GEORG WILHELM FRIEDRICH HEGEL

(1770-1831)



CONTENTS
GO TOHegel:  An Overview
GO TOHis Life and Works
GO TOHis Major Ideas
GO TOHis Legacy
GO TOHegel's Writings

HEGEL:  AN OVERVIEW

While the English were pushing ahead an empirical doctrine of evolution through accidental natural causes, the Germans were developing, through the primary inspiration of Hegel, an "idealist" doctrine of evolution through the will of some great transcendent will (the world Spirit).  Hegel was clearly a Platonist--seeing all history, all human events as "guided" by this powerful spirit. This task of learning or of science was to Hegel (and the Hegelians after him) therefore not just to collect facts, but to discern the particular movement of this guiding hand in the midst of such facts.

HIS LIFE AND WORKS

Hegel was born and educated in Stuttgart in the classics and attended the University of Tübingen, studying philosophy and the classics in preparation for the ministry.  He graduated in 1790 and then took up the formal study of theology.  However he disliked strongly the doctrinal rigidity of his teachers. Hegel had a much freer spirit--and enjoyed the robust company of such friends as Schelling (5 years his junior) and Hölderlin.  He delighted in the reading of Greek tragedies and the exciting accounts of the French Revolution.  Thus in finishing his theological studies he decided against the ministry and opted instead for work that would allow him to continue his studies of history, the classics and philosophy.  Thus he found work tutoring, first in Switzerland then in Frankfurt.

For a while he was strongly influenced by the philosophy of Kant--especially the notion that the real basis of Christianity was not in the legalistic religious doctrines evolved over the centuries by the Christian church--but in the inherent moral "Reason" contained in the teachings and example of Jesus.  But ultimately it was not the "moral reason" of Jesus that inspired Hegel--but instead the idea that, in and through Jesus as revelation of the divine, the Spirit of God had spoken to the human heart of eternal truths.  These were much loftier and idealistic concepts than Kant's moral principles.

Hegel Begins to Stray from Kantianism

Thus in the late 1790s Hegel wrote a treatise (not published until 1907) entitled Der Geist des Christentums und sein Schicksal" ("The Spirit of Christianity and Its Fate").  In this his interest in the Spirit of Christianity--rather than its inherent "reasonableness" (as per Kant) was the focus of study.  In this also his use of developmental history as the groundwork for the presentation of his ideas was also introduced.

This work began with a study of ancient Judaism and its Law, proceeded through the development of Greek and Roman philosophy and religion (for which he had a deep fondness) and then arrived at the revolutionary ideas introduced by Jesus.  Hegel saw in Jesus principle which united man and God, a principle higher than all that had gone before him.  This principle was not that of religion with its laws and doctrines--but instead the principle of  love, a deep, a spiritual connection of man with the very essence of God.  This for Hegel constituted the Kingdom of God that Jesus had come to proclaim and open up to mankind.

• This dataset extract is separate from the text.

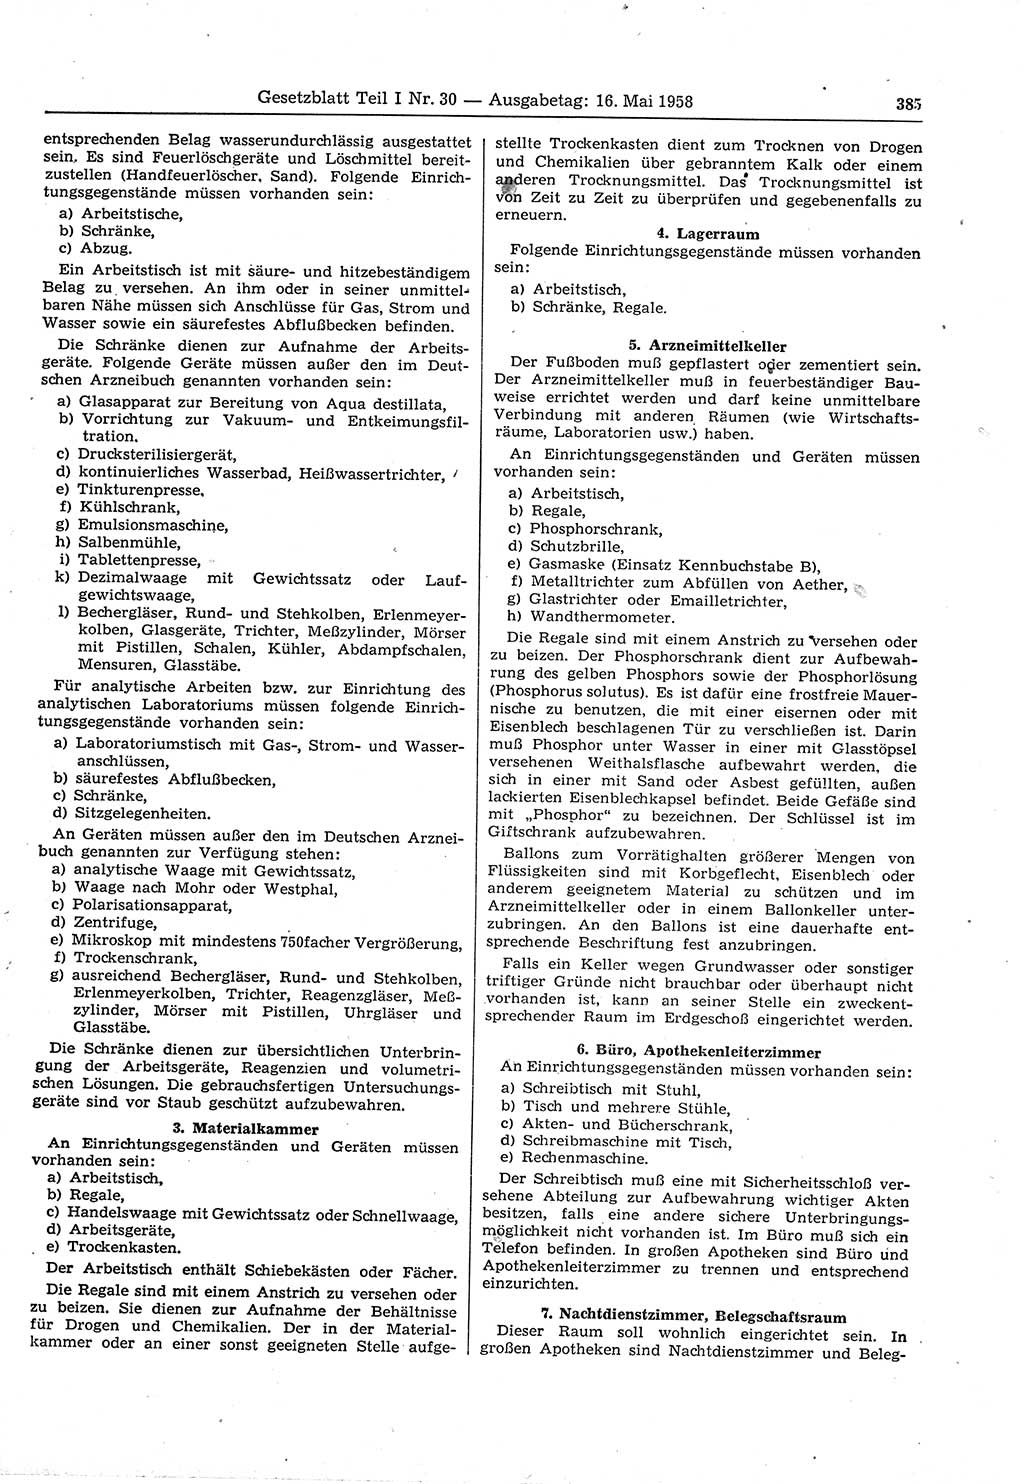 Gesetzblatt (GBl.) der Deutschen Demokratischen Republik (DDR) Teil Ⅰ 1958, Seite 385 (GBl. DDR Ⅰ 1958, S. 385)

In 1801 he returned to his studies, this time at the University of Jena (in Prussia)--where he joined his friend Schelling in a philosophical assault on entrenched Kantian philosophy.  With a bit of an inheritance from his deceased father, he was able to function as a fee-based lecturer until he finally received a regular appointment to the faculty at the university.

In that same year he published an essay, "Differenz des Fichte'schen und Schelling'schen Systems der Philosophie," which bears witness of his close philosophical association with Schelling's rather romantic philosophy of nature.

Jena:  Phenomenology of the Mind

But with Schelling's departure from Jena in 1803 Hegel moved more decidedly toward systematic philosophy.  In 1806 he completed a very serious systematic study of philosophy entitled Phenomenology of the Mind--just in time to flee Jena from the approaching French armies.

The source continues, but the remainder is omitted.